Le Cap’s Guide to MLB Expansion

It’s Hot Stove season, and there has been a lot of talk lately about the expansion and realignment proposals.

Obviously, I’m a  #bigthinker, a visionary. So I’m down with expansion, but here’s the thing. It’s got to make sense. This guy Manfred, “The Jester”, wants to expand to Portland and Montreal?!

Portland? Any city that’s ever been referred to as a “Hidden Gem”, or if people ever describe the place like this:  “No, it’s actually a great place to visit”… is probably not where you want to plant a new MLB flag for the first time in 20 years.

And, Montreal? Really, Jester? They speak French, Olympic stadium was the single worst place I’ve ever set foot in (not stadium, place), and you’ll be outdrawn for attendance any time there is a Junior Hockey tournament in town.

Le Cap’s official List of places MLB should expand to:

Vancouver:  Kill two birds with one stone…your picturesque Northwest city, and Canada. Boom.
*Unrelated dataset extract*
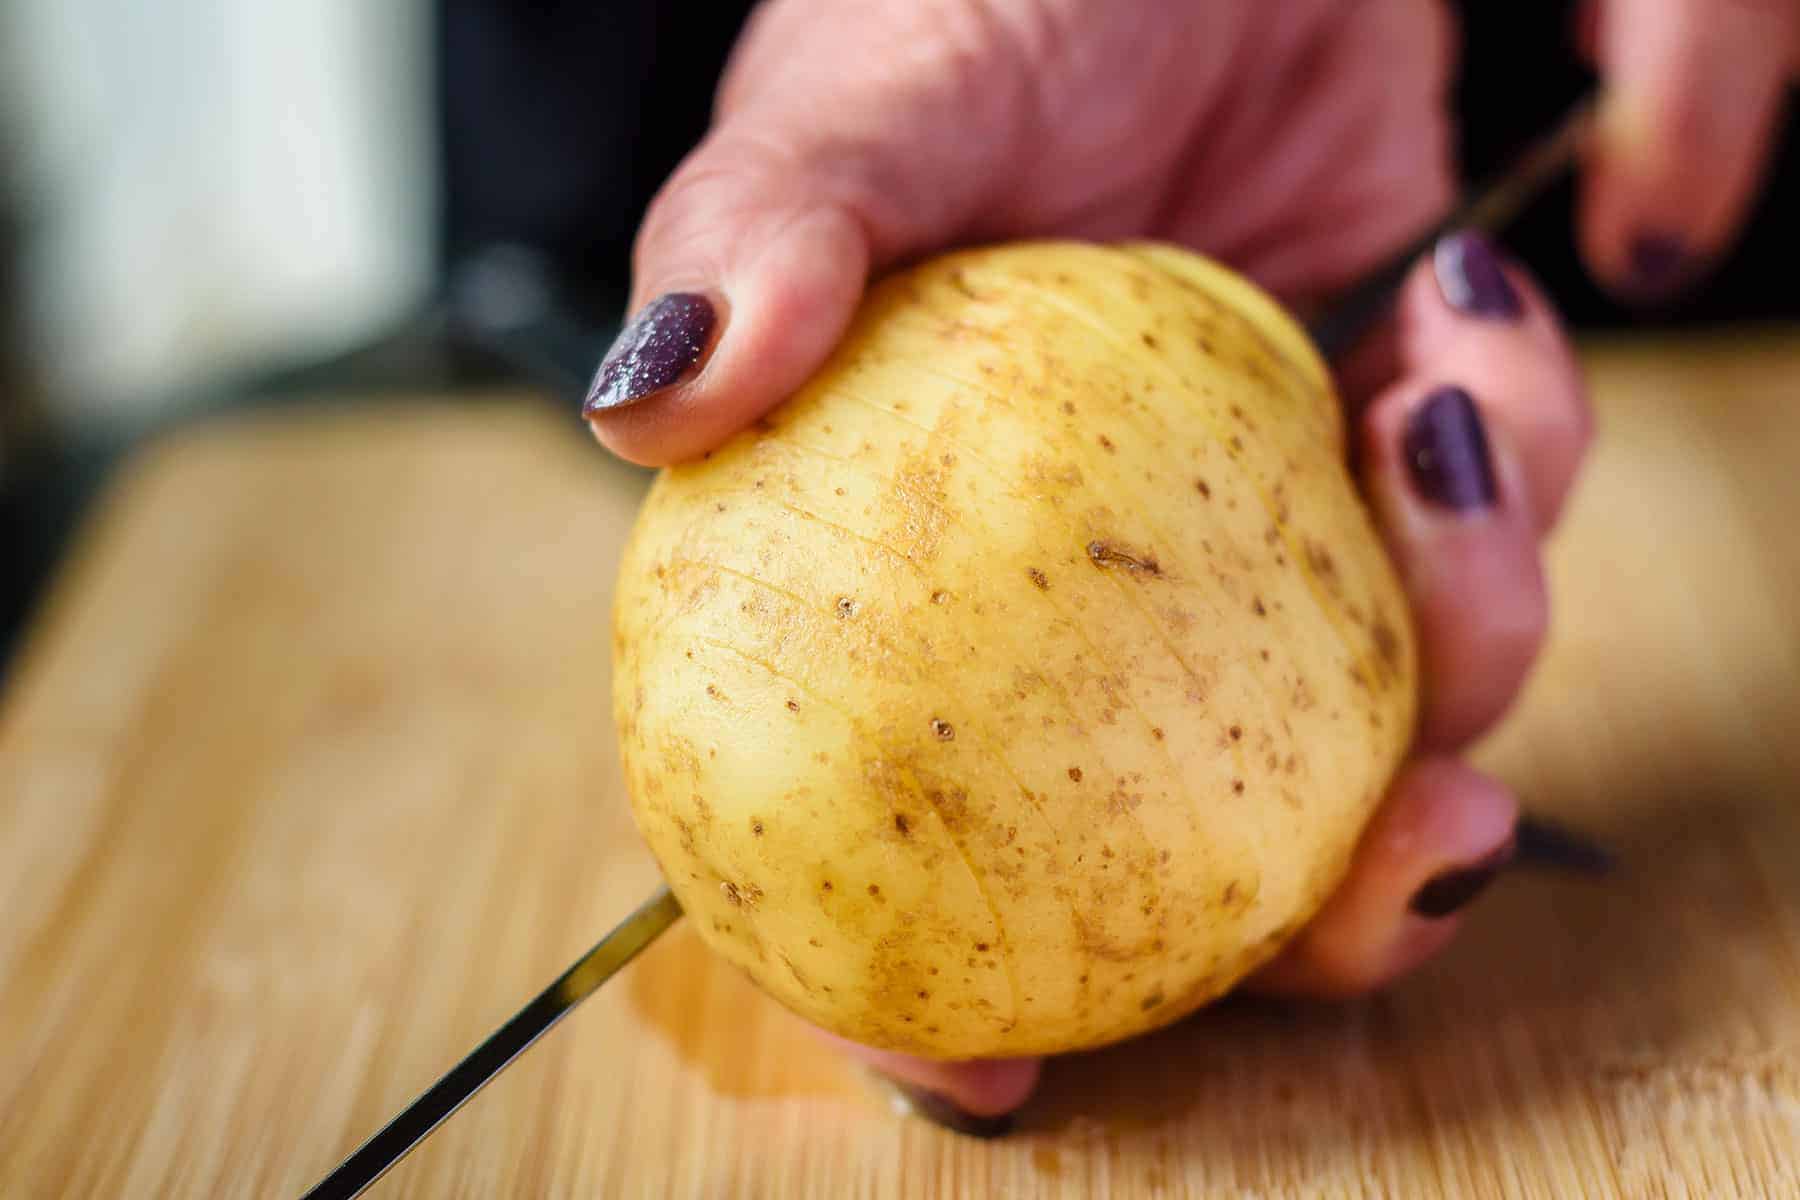 Removing skewer from sliced potato
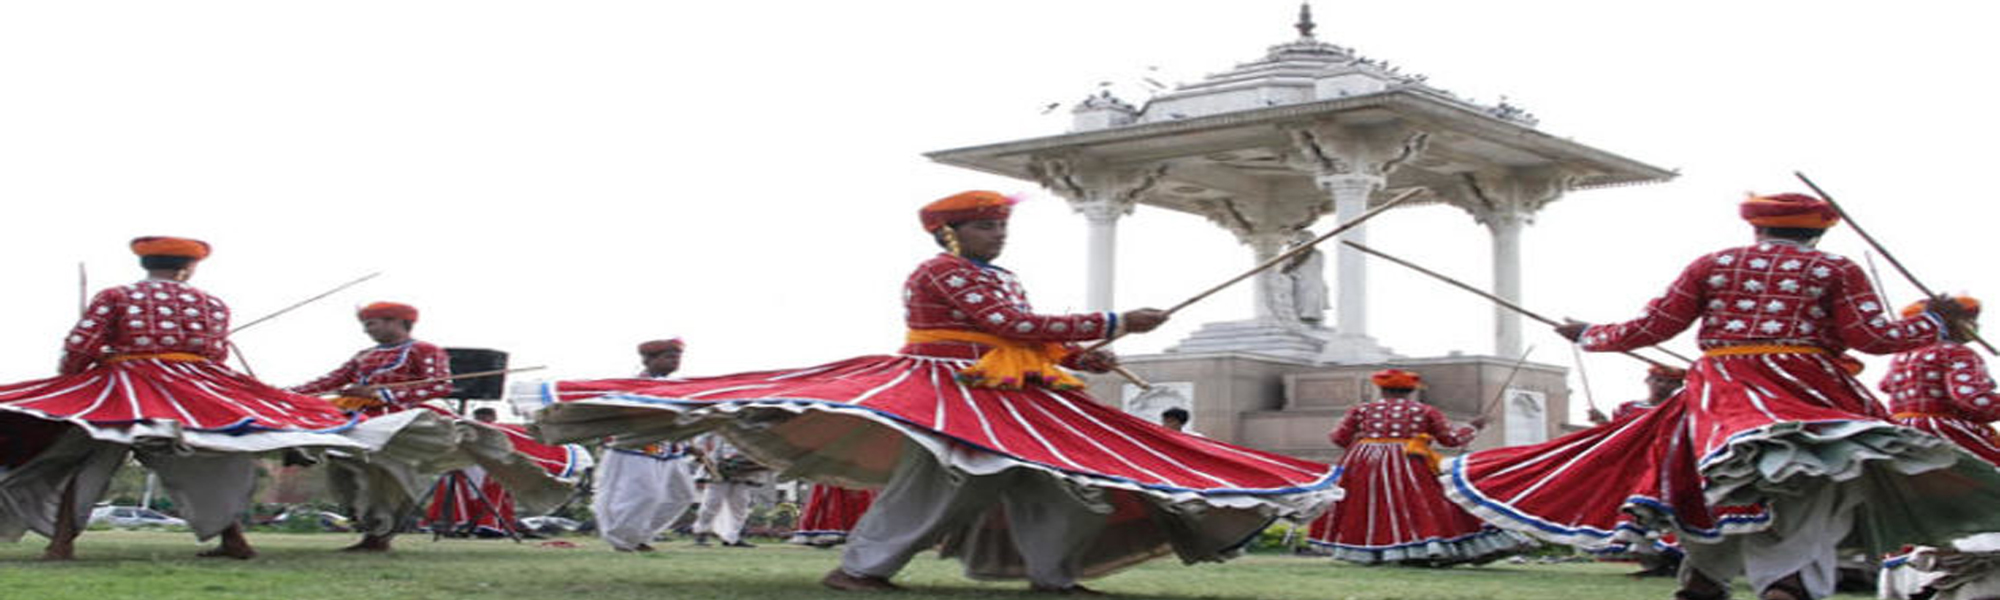 Marwar Festival Tours Packages in India

Put the second team in a real city, and you’re hitting .500.

Nashville: They support the shit out of the hockey team, and nobody in Tennessee knows dick about hockey. You’re also guaranteed a bunch of drunken fans from the visiting team will be rolling in every weekend blowing their cash.

Las Vegas: Worried about the desert heat? Start the games at 9pm local time. The city is going all night, who cares. And, want to work the all time hits leader back into the fold? Give Pete Rose a job as team ambassador.

Split between Charlotte and New Orleans:  Now, I don’t mean it’s a tie, I mean you actually split a team between two cities. Radical idea? Hell yeah it is. But it’s time for baseball to do something radical. Shake it up. Of course, the Jester would never pull this off. He’s not a visionary, not a born leader. But this would be great for thebaseball fans in two areas with NO allegiance to any team now.


Manfred, you gutless shell of a commish, if you ever want to talk to a #bigthinker with real ideas, you know where to find me. You give me a call, and I’ll consider burying the hatchet to help you not fuck this one up. For the good of the #regularguys.


Manfred finished

Le Capitaine


  1. If you get the Jester’s ear, please also suggest that during inter league play the Home team plays under the road team’s league’s rules. So if the Sox play their old neighbors the Braves down in Ted Turner’s latest mistake (see Turner Field I and Viet-Cong Jane), they will have the DH, but if they are in Fenway they won’t. This gives the Boston fans an opportunity to see a double switch live and in person!